Ina schrie auf. Ihre Pussy war eng, aber unglaublich feucht und bereit. Er füllte sie komplett aus, dehnte sie bis an ihre Grenzen. Hakan war nicht zimperlich. Er begann sofort, sie zu ficken, hart und tief. Seine Stöße waren kraftvoll, fast brutal, angetrieben von sechs Monaten aufgestauter Frustration. Bei jedem Stoß klatschte sein Becken gegen ihren Hintern. *KLATSCH!* Seine flache Hand landete mit voller Wucht auf ihrer rechten Pobacke. Ina schrie erneut auf, eine Mischung aus **** und ekstatischer Lust. *KLATSCH!* Die linke Backe folgte. Ihr Arsch brannte, aber die Schläge schickten nur noch mehr geile, heiße Wellen durch ihren Körper.

"Du geile kleine Stripper-Schlampe", keuchte er ihr ins Ohr, während er unerbittlich in sie stieß. "Gefällt dir das? Gefällt es dir, wie ein richtiger Schwanz sich anfühlt?"

Ina konnte nur wimmern, ihr Verstand war ausgeschaltet, sie war nur noch ein Bündel aus reiner Empfindung. Sie spürte, wie sich sein Rhythmus änderte, wie seine Stöße noch tiefer, noch fordernder wurden. Sie wusste, dass er kurz davor war.

Doch kurz bevor er kam, zog er sich mit einem einzigen Ruck aus ihr heraus. Ina stöhnte enttäuscht auf.

"Noch nicht", knurrte er. Er zog sie aus dem Kofferraum, drehte sie herum und drückte sie mit dem Rücken gegen die kalte, nasse Seite des Autos. Er hob eines ihrer Beine an, hakte es über seinen Arm und drang erneut in sie ein, diesmal von vorne. Die neue Position war noch tiefer, noch intensiver. Er konnte ihr direkt in die Augen sehen, während er sie fickte.

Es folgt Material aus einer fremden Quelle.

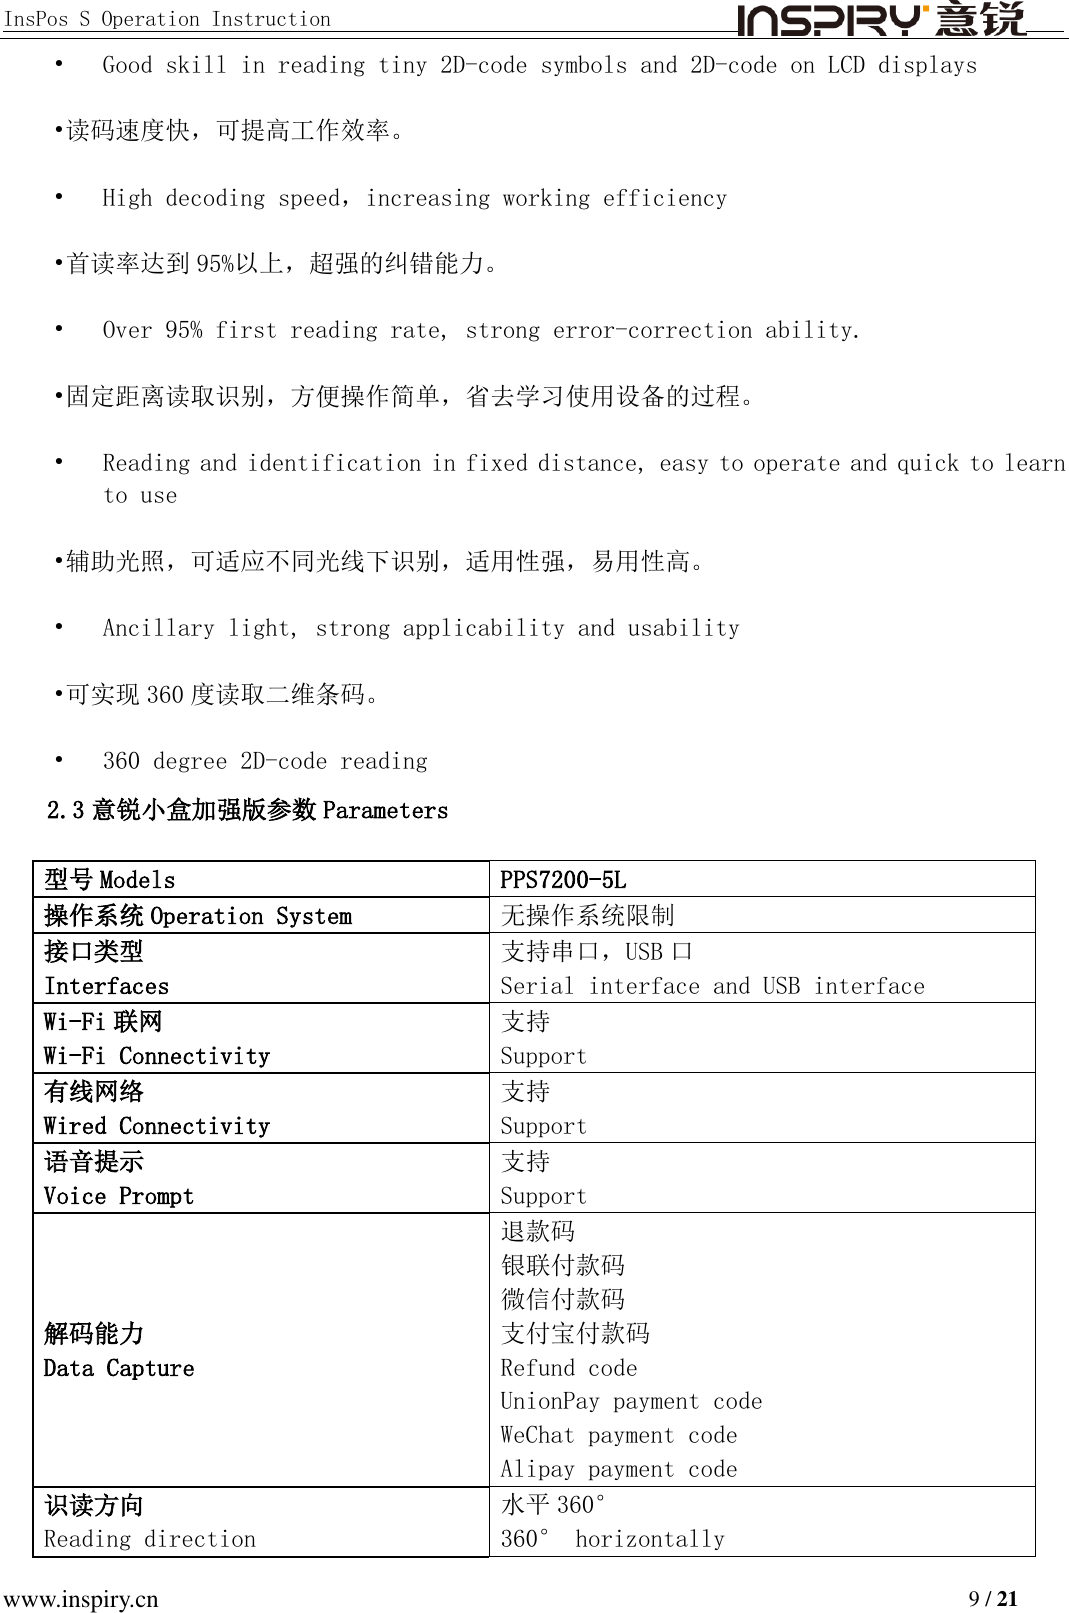 InsPos S Operation Instruction                                         www.inspiry.cn                                                                           9 / 21 • Good skill in reading tiny 2D-code symbols and 2D-code on LCD displays •读码速度快，可提高工作效率。 • High decoding speed，increasing working efficiency  •首读率达到 95%以上，超强的纠错能力。 • Over 95% first reading rate, strong error-correction ability.  •固定距离读取识别，方便操作简单，省去学习使用设备的过程。 • Reading and identification in fixed distance, easy to operate and quick to learn to use •辅助光照，可适应不同光线下识别，适用性强，易用性高。 • Ancillary light, strong applicability and usability •可实现 360 度读取二维条码。 • 360 degree 2D-code reading 2.3 意锐小盒加强版参数 Parameters 型号 Models PPS7200-5L 操作系统 Operation System 无操作系统限制 接口类型 Interfaces 支持串口，USB 口 Serial interface and USB interface Wi-Fi 联网 Wi-Fi Connectivity 支持 Support 有线网络 Wired Connectivity 支持 Support 语音提示 Voice Prompt 支持  Support 解码能力 Data Capture 退款码 银联付款码 微信付款码 支付宝付款码 Refund code UnionPay payment code WeChat payment code Alipay payment code 识读方向 Reading direction 水平 360° 360° horizontally

"Schau mich an", befahl er. "Ich will sehen, wie dein Gesicht aussieht, wenn ich meinen Samen in dich hineinpumpe."

Er packte ihre Haare, zog ihren Kopf nach hinten und stieß die letzten, entscheidenden Male in sie. Ina sah in seine dunklen, von Lust wahnsinnigen Augen, als sie spürte, wie sein ganzer Körper sich anspannte. Mit einem tiefen, animalischen Stöhnen ergoss er seine heiße, dicke Ladung tief in sie. Welle für Welle füllte er sie, bis es aus ihr herauslief und an ihren Schenkeln hinabfloss.

Völlig erschöpft ließ er ihr Bein los und lehnte seine Stirn gegen ihre. Sie standen so da, mitten im Wald, ihre Körper zitterten, ihr Atem bildete Wolken in der kalten Nachtluft. Die Leere in Ina war gefüllt. Vorerst.